Für die Mini-Serie wurden Sie über Nacht zum Familienvater mit drei Kindern – gab es in Vorbereitung auf die Dreharbeiten ein besonderes „Familien-Teambuilding“?
Bastian Pastewka: Da sprechen Sie tatsächlich einen wichtigen Punkt an. Ich konnte mir schwer vorstellen, plötzlich einen Vater zu spielen. Wir fünf Schauspieler/innen haben uns lange vor dem Beginn der Dreharbeiten mehrfach getroffen und sogar einen kleinen Zoobesuch veranstaltet, um uns vertraut zu machen. Im Nachhinein hatte ich das Gefühl, dass ICH derjenige war, der hier eingewiesen werden sollte. Mein Regisseur Martin Eigler nahm mir jedoch alle Sorgen und riet mir, mit den Kinderdarstellern so selbstverständlich wie möglich umzugehen und nichts Künstliches einzuüben wie Abklatsch-Rituale oder kindgerechtes Sprechen. Und es hat hingehauen: Susanne Wolff, Moritz Jahn, Janina Fautz, Katharina Kron und ich – wir sind die Lehmanns, und sonst niemand.
Wenn man wie Sie über einen Drehzeitraum von rund vier Monaten fast die gesamte Zeit mit dem Team am Set verbringt, ist es dann schwer, die Rolle abzulegen?

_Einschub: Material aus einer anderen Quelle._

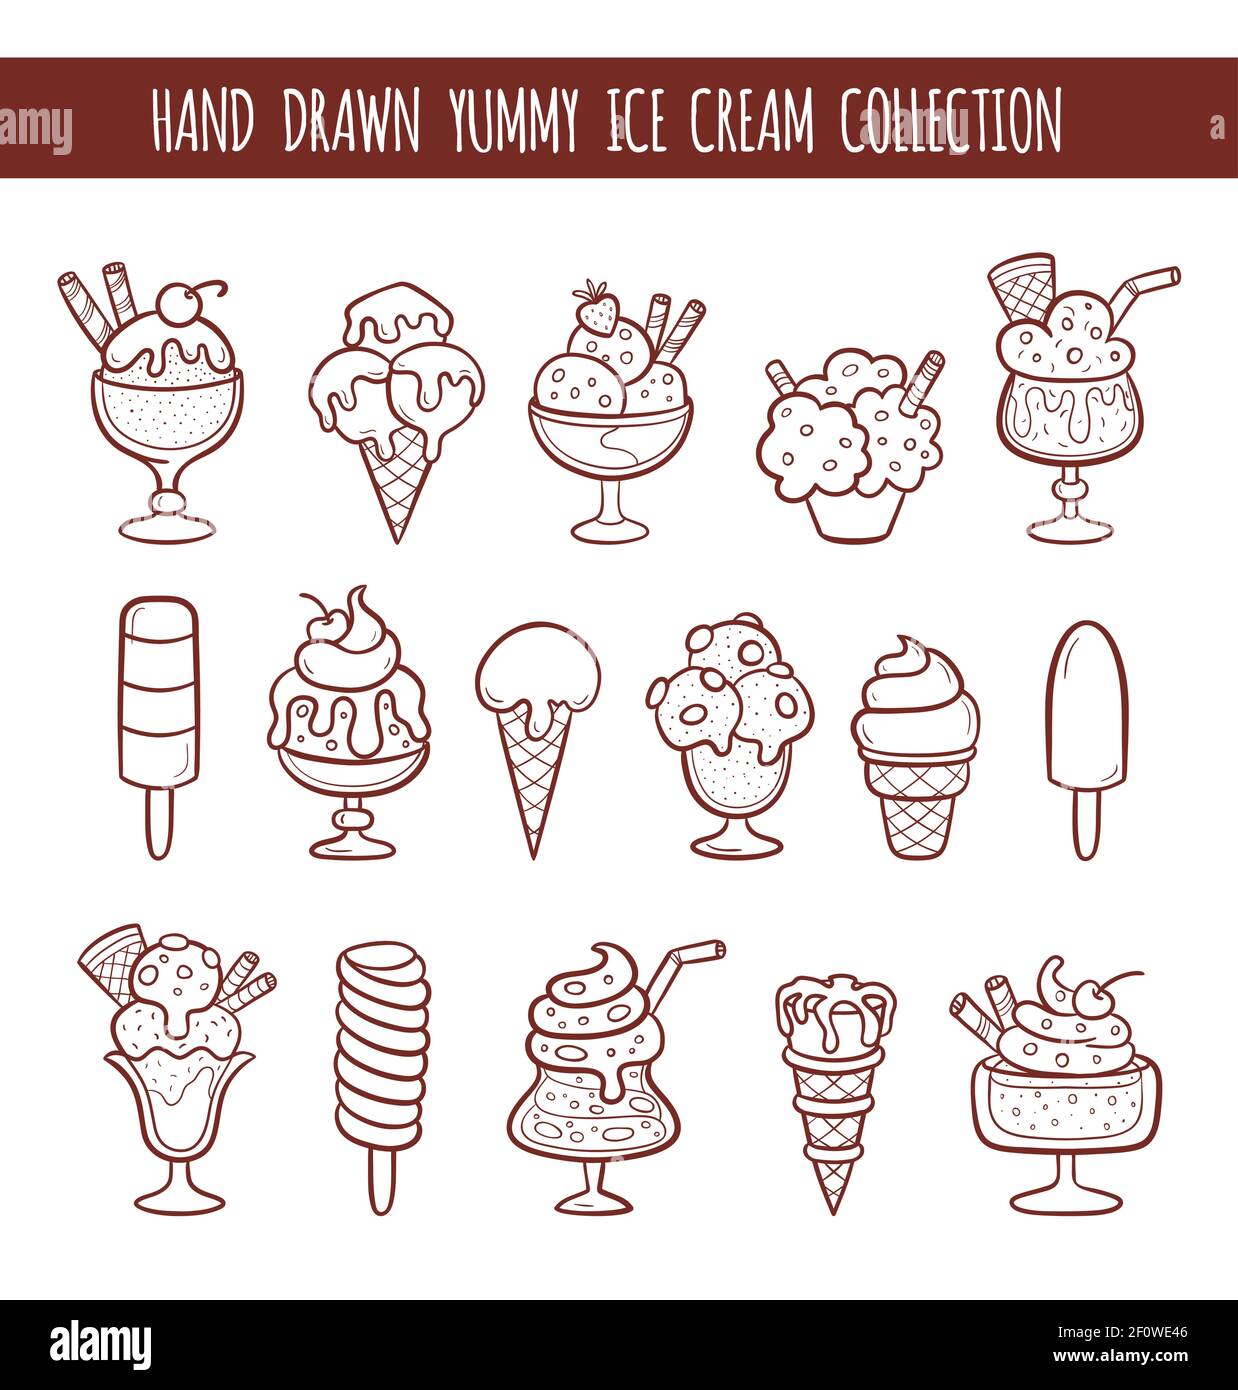 Set of 16 hand drawn vector ice cream illustrations isolated on white. Cones and ice creams made in doodle style. Stock Vector

Bastian Pastewka: Ich erlebe diesen Prozess immer in drei Phasen: Zu Beginn der Drehzeit fällt es mir erst schwer, die Rolle wirklich richtig zu verinnerlichen. Weil alles so neu und noch roh ist. Kurz darauf kommt die Phase, wo die Rolle mich nicht mehr loslässt und ich sie schwer ablegen kann. Gegen Ende der Drehzeit möchte ich immer meinen Charakter variieren oder vor irgendetwas beschützen, was ihm laut Drehbuch widerfahren soll. Da meckere ich dann rum und sage: „Mensch, ist der Jochen wirklich so einfältig?“ Das ist natürlich unsinnig und ich beruhige mich auch wieder. Aber viel schwerer war es, nicht wieder auf einen spontanen Spaß meiner Kollegin Susanne Wolff hereinzufallen.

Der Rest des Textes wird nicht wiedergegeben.